Именно этим композиционным принципом определяется рассказ «По лендлизу». Начинается он как отчет о (в любом случае странных) связях, которые США поддерживали с Советским Союзом путем поставок одежды, еды, инструментов (разве они не знали, что речь о лагерях принудительного труда?). Тон рассказчика содержит иронические нотки: о превратном истолковании и неправильном использовании американских товаров, об обращении с «подержанной» одеждой, о питье глицерина и поедании солидола рассказывается почти весело; обсуждается консистенция тушенки. Затем появляется «доисторический зверь» – бульдозер с великолепным «сверкающим как зеркало» навесным щитом и незнакомым названием; он пробуждает желания (некоторым хочется непременно на нем прокатиться), а рассказ переходит в описание жуткой сцены, которая связана с шаламовской философией памяти:
Гора оголена и превращена в гигантскую сцену спектакля, лагерной мистерии. <…> Мертвецы ползли по склону горы, открывая колымскую тайну. <…> Вечная мерзлота хранит и открывает тайны. Каждый из наших близких, погибших на Колыме, – каждый из расстрелянных, забитых, обескровленных голодом – может быть еще опознан – хоть через десятки лет. На Колыме не было газовых печей. Трупы ждут в камне, в вечной мерзлоте (Ш I 397).
Образ выползающих из обледенелой горы трупов не столько преувеличивает, сколько «уточняет» мистерию. «Эти человеческие тела ползли по склону, может быть собираясь воскреснуть» (Ш I 398). Это – выходцы с того света, о которых пишет в «Кривом горе» Александр Эткинд.
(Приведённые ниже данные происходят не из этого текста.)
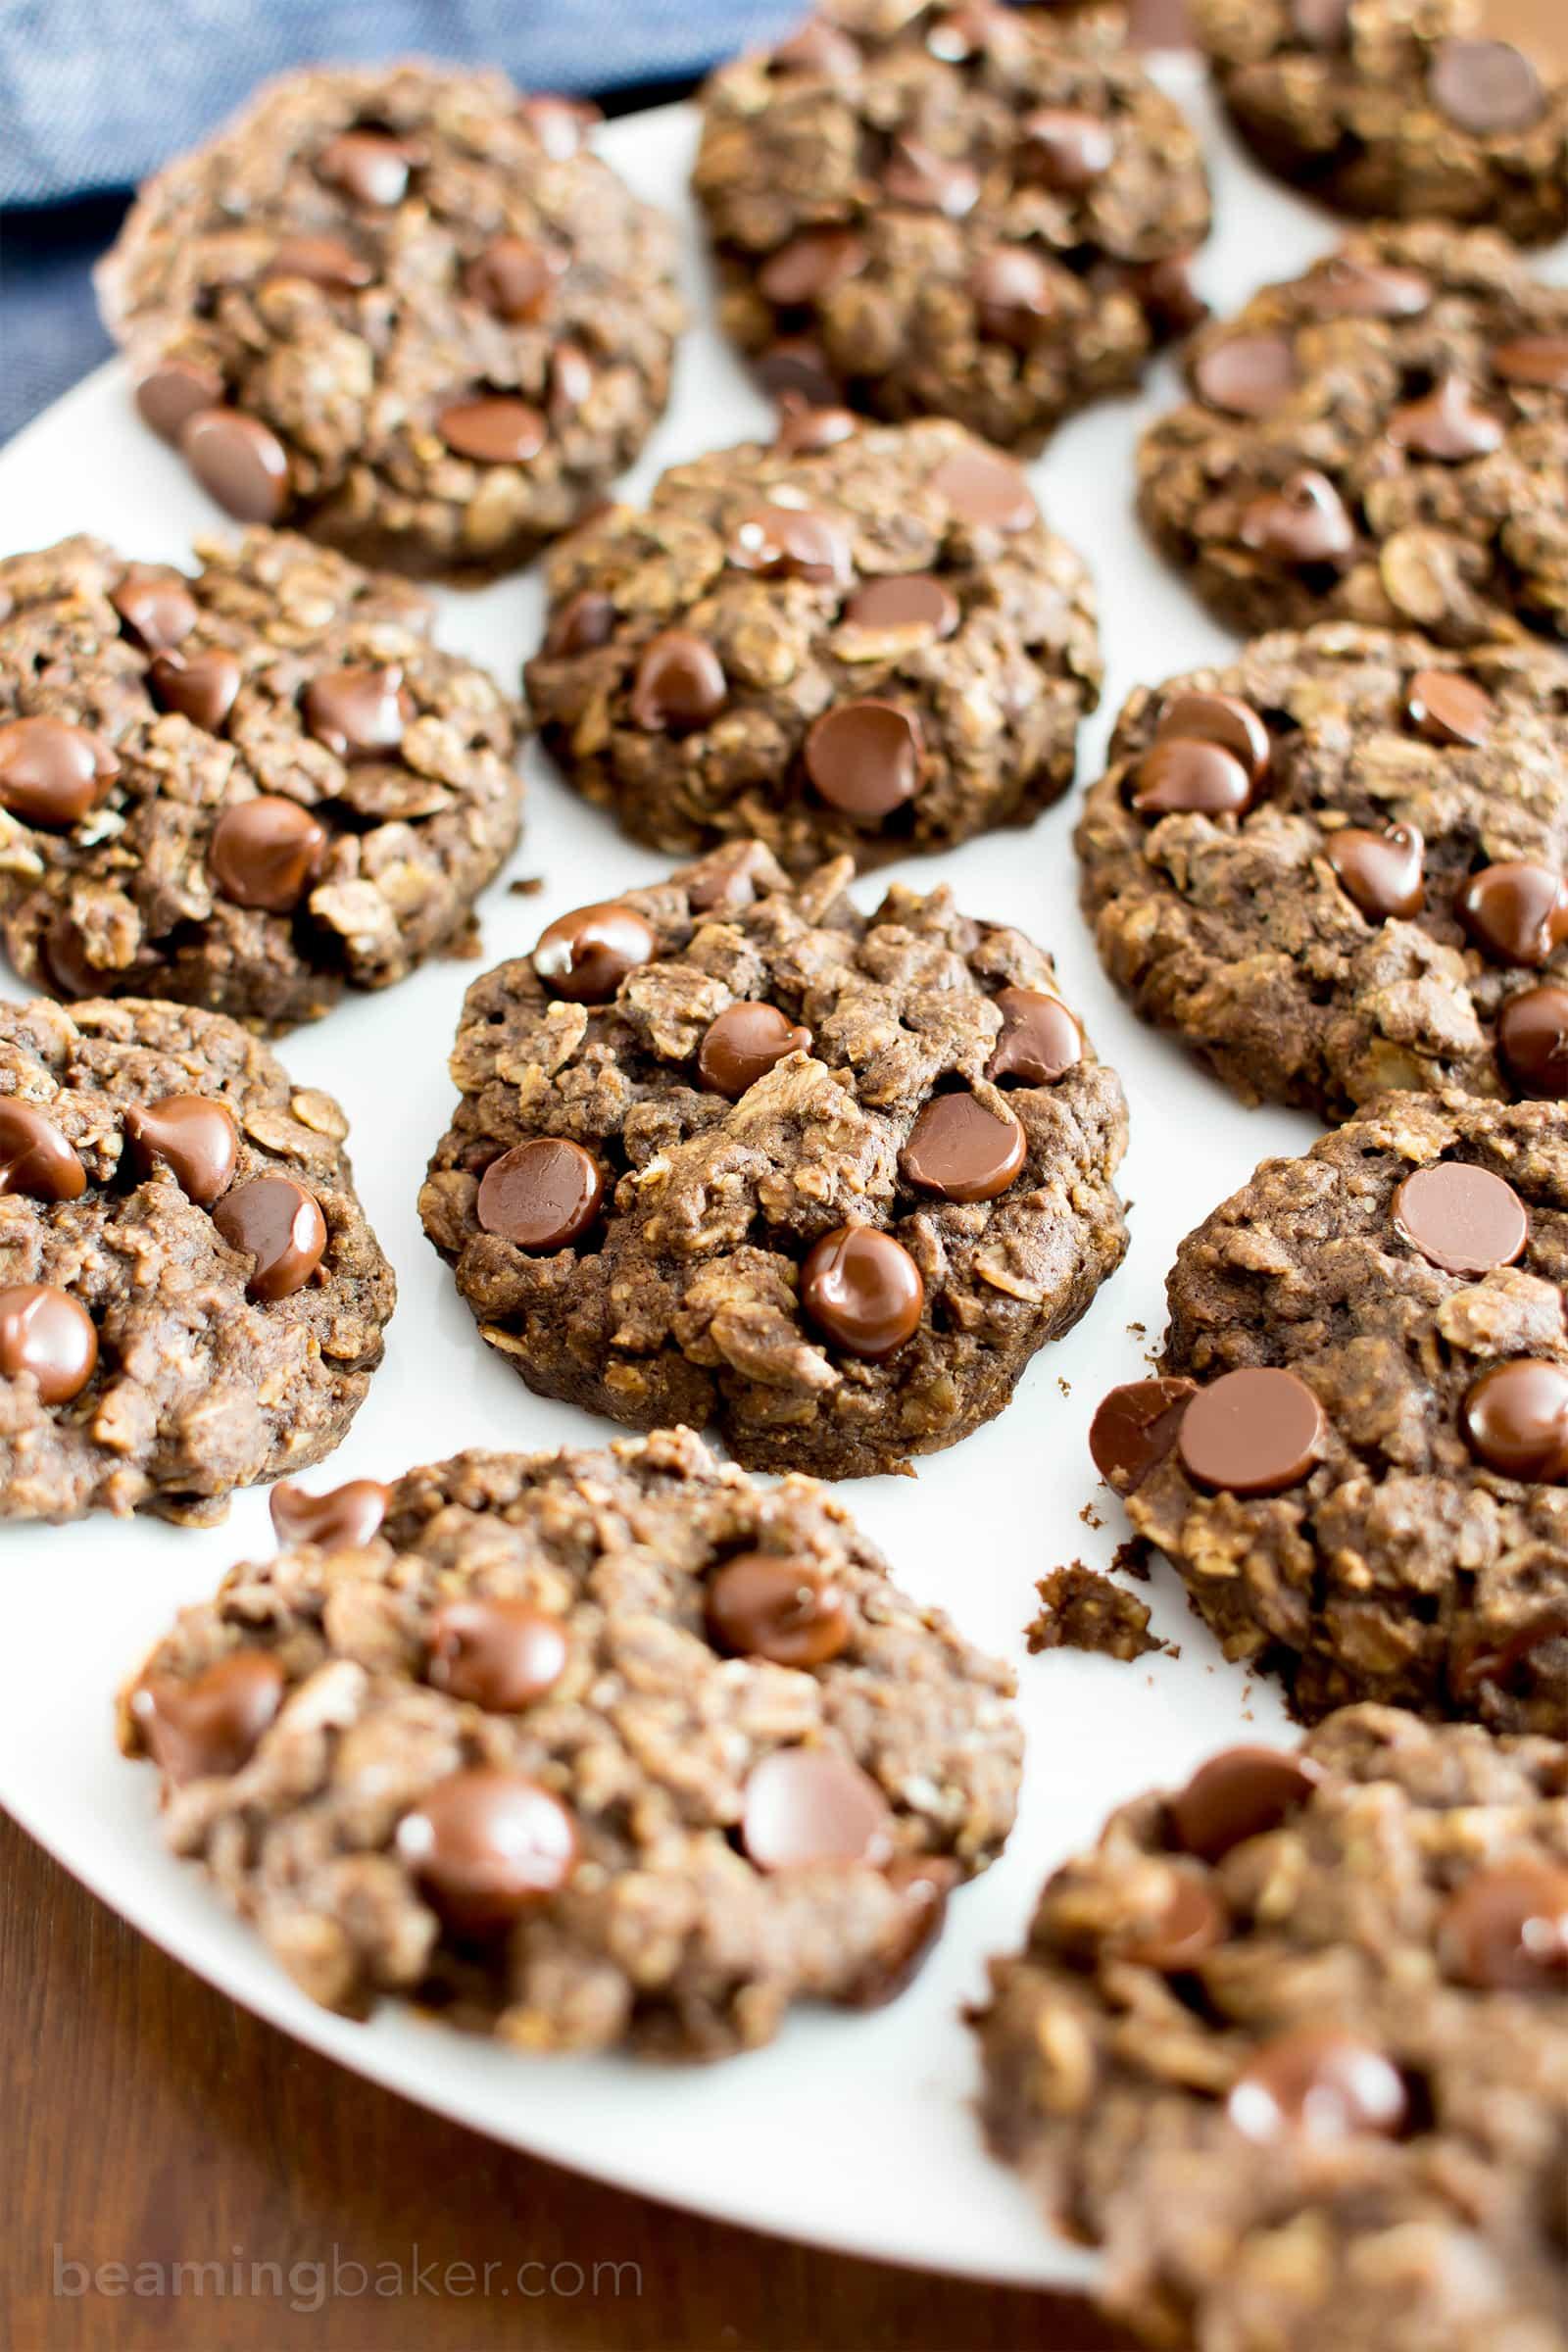 Gluten Free Double Chocolate Chip Oatmeal Cookies (V, GF): an easy recipe for soft, chewy double chocolate chip oatmeal cookies made with whole ingredients. #Vegan #GlutenFree #DairyFree #WholeGrain #OatFlour   BeamingBaker.com

Хотя выражения «нетленность», «нетленные трупы» не имеют здесь религиозного подтекста (нетленность как признак святости), таковой предполагается и вместе с тем переосмысляется при помощи слова «мистерия»: мистерия нетленности тел святых предстает мистерией тел не-святых мучеников. Нетленность как следствие физического процесса не подлежит сомнению, это чистая очевидность. Она свидетельствует о произошедшем точнее, чем рассказ, отчет или воспоминание. Нетленны и следы страданий: «скрюченные пальцы рук, гноящиеся пальцы ног – культи после обморожений, расчесанная в кровь сухая кожа и горящие голодным блеском глаза» (Ш I 398). С появлением на «сцене» этих неупокоенных мертвецов все «представление» оборачивается театральной мистерией или danse macabre.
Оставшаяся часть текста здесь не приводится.